O fundador da Wikipédia foi o primeiro orador da conferência organizada pela Fundação Francisco Manuel dos Santos para debater o trabalho. Durante a sua intervenção, Jimmy Wales decidiu concentrar-se no futuro do jornalismo e nos desafios que existem ao modelo de negócio dos media.

“Devem imaginar quão triste eu fico quando as pessoas dizem que vivemos num mundo pós-facto”, sublinhou o homem que criou a maior enciclopédia do mundo, à audiência reunida no Jardim Botânico Tropical, em Belém. Wales explicou que a indústria dos media tem sofrido muito. Há menos receita, menos jornalistas e a qualidade da informação caiu. “Os grandes jornais de referência continuam a lutar, mas concorrem com uma vaga de informação de baixa qualidade.”

No centro da crise está o modelo de negócio baseado em publicidade. Antes, a preocupação era que um jornal como o “New York Times” não escrevesse coisas negativas sobre os seus principais anunciantes. Hoje, o problema é que esses anunciantes já não precisam tanto do NYT. “Quando navegamos na net, estamos sempre a ver os mesmos anúncios. A mim, aparecem-me barcos [para comprar]. Todos os conteúdos estão a competir uns com os outros” por cliques, afirmou.

Se é esse o modelo - assegurar que o maior número de pessoas clica numa notícia - os incentivos podem tornar-se perversos: o jornal pode preferir ter um jornalista inexperiente a produzir artigos de clickbait em catadupa do que um repórter sénior, que faça investigações ou análises mais profundas. “O modelo de dependência da publicidade tem sido muito destrutivo para o jornalismo”, frisa.

Como escapar a esta armadilha? Wales dá o exemplo da Wikitribune, o projeto que fundou há cerca de um ano e meio. Um site noticioso que junta jornalistas e membros da comunidade online. Os primeiros escrevem as notícias, os segundos verificam os factos e sugerem alterações.
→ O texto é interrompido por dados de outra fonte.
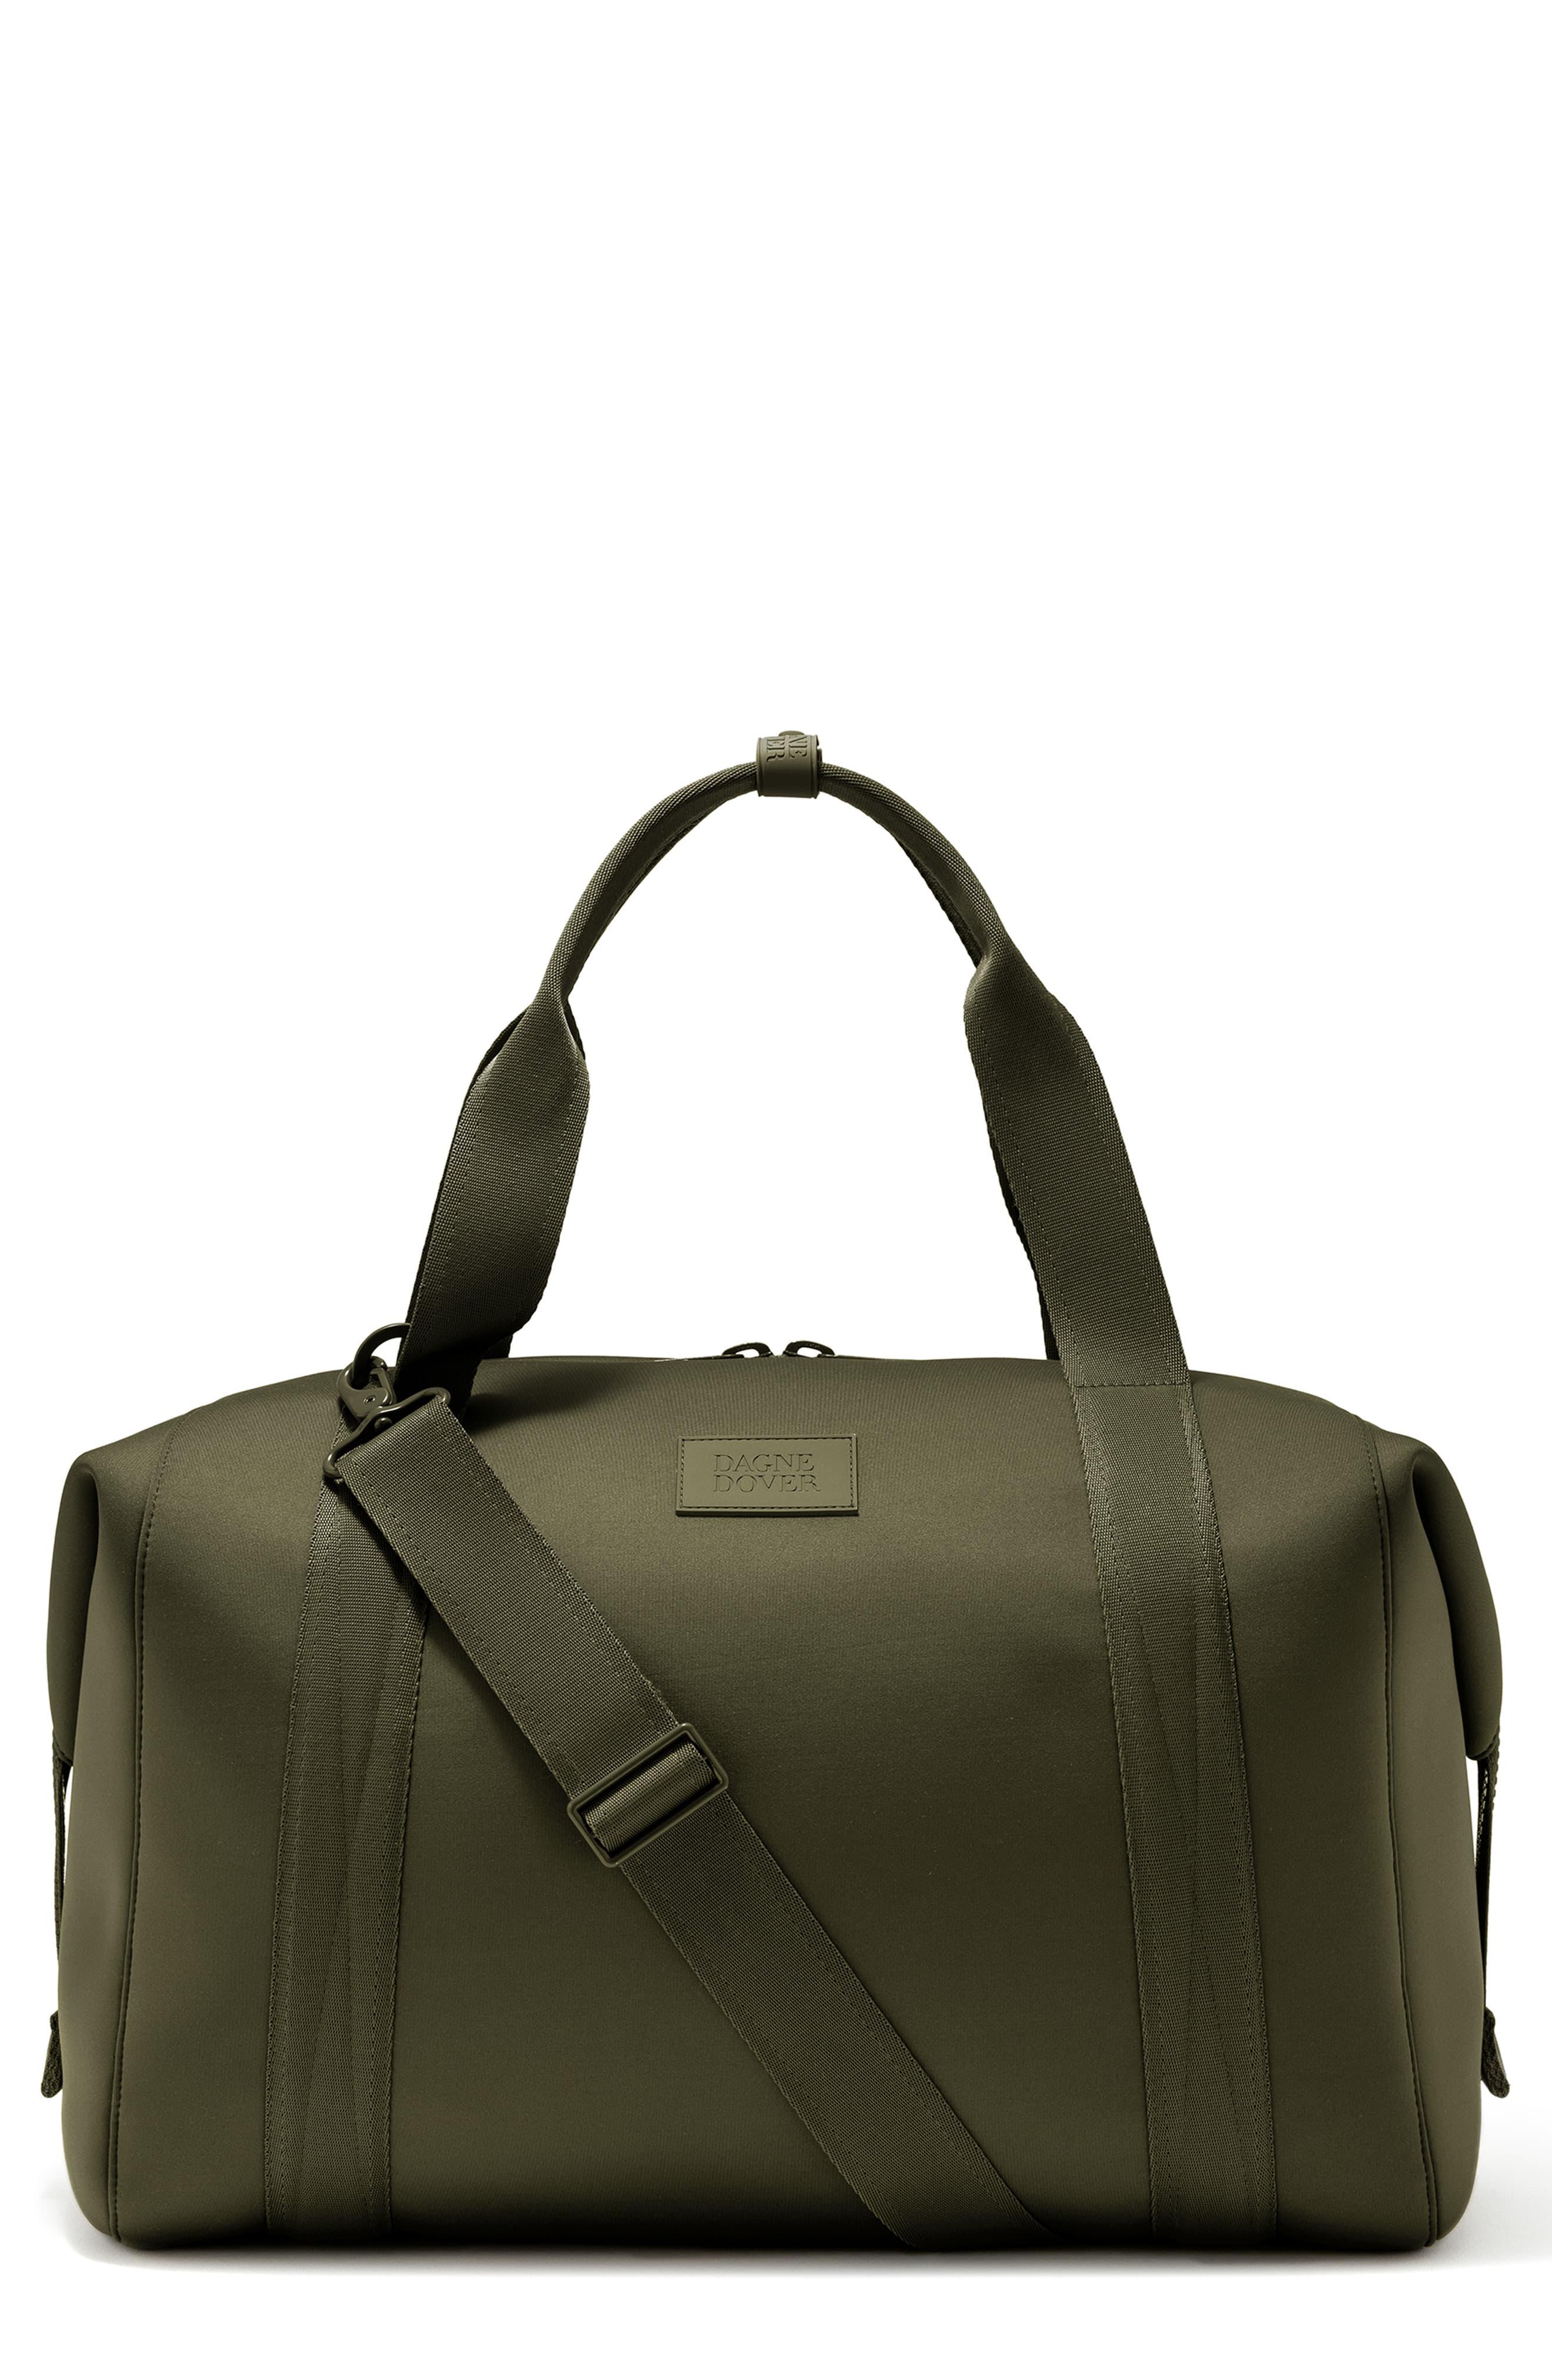 Dagne Dover Xl Landon Carryall Duffle Bag in Dark Moss (Green) - Save ...

Ainda é apenas um projeto piloto - só tem dez jornalistas - mas servirá, pelo menos, para testar um modelo de negócio. O site tem fins lucrativos, mas não terá publicidade, nem paywall. Viverá dos donativos que os leitores quiserem dar.

A motivação para criar o Wikitribune surgiu depois de Donald Trump ter sido eleito. “Houve este debate sobre o tamanho da multidão que estava [na tomada de posse] e a Kelly Conway disse algo sobre factos alternativos e eu achei que era ridículo que tivéssemos que discutir isso”, recordou na semana passada, em entrevista ao Diário de Notícias, onde diz que há cinco mil pessoas inscritas na comunidade Wikitribune, mas apenas uma ou duas dezenas são realmente centrais. “Acho que todos temos de desempenhar o nosso papel, a defender a ideia de que, sim, os factos interessam.”

O final da intervenção de Jimmy Wales foi mais otimista. Questionado por José Alberto Carvalho, referiu que viu com entusiasmo que as subscrições digitais do NYT cresceram de um para três milhões em poucos anos, o que mostra que algumas pessoas podem ter começado a perceber que “se quero notícias [de qualidade], tenho de pagar por elas”. Além disso, a maior facilidade e rapidez de subscrição está também a impulsionar estas vendas online. Hoje, basta um clique. O fundador da Wikipédia é um exemplo. “Durante uma altura não comprava revistas. Agora que tenho Kindle, subscrevo oito.”

Tal como as assinaturas do NYT aumentaram, “os donativos da Wikipédia também dispararam após a eleição” de Trump. Porquê? “As pessoas sentem que precisam de factos.”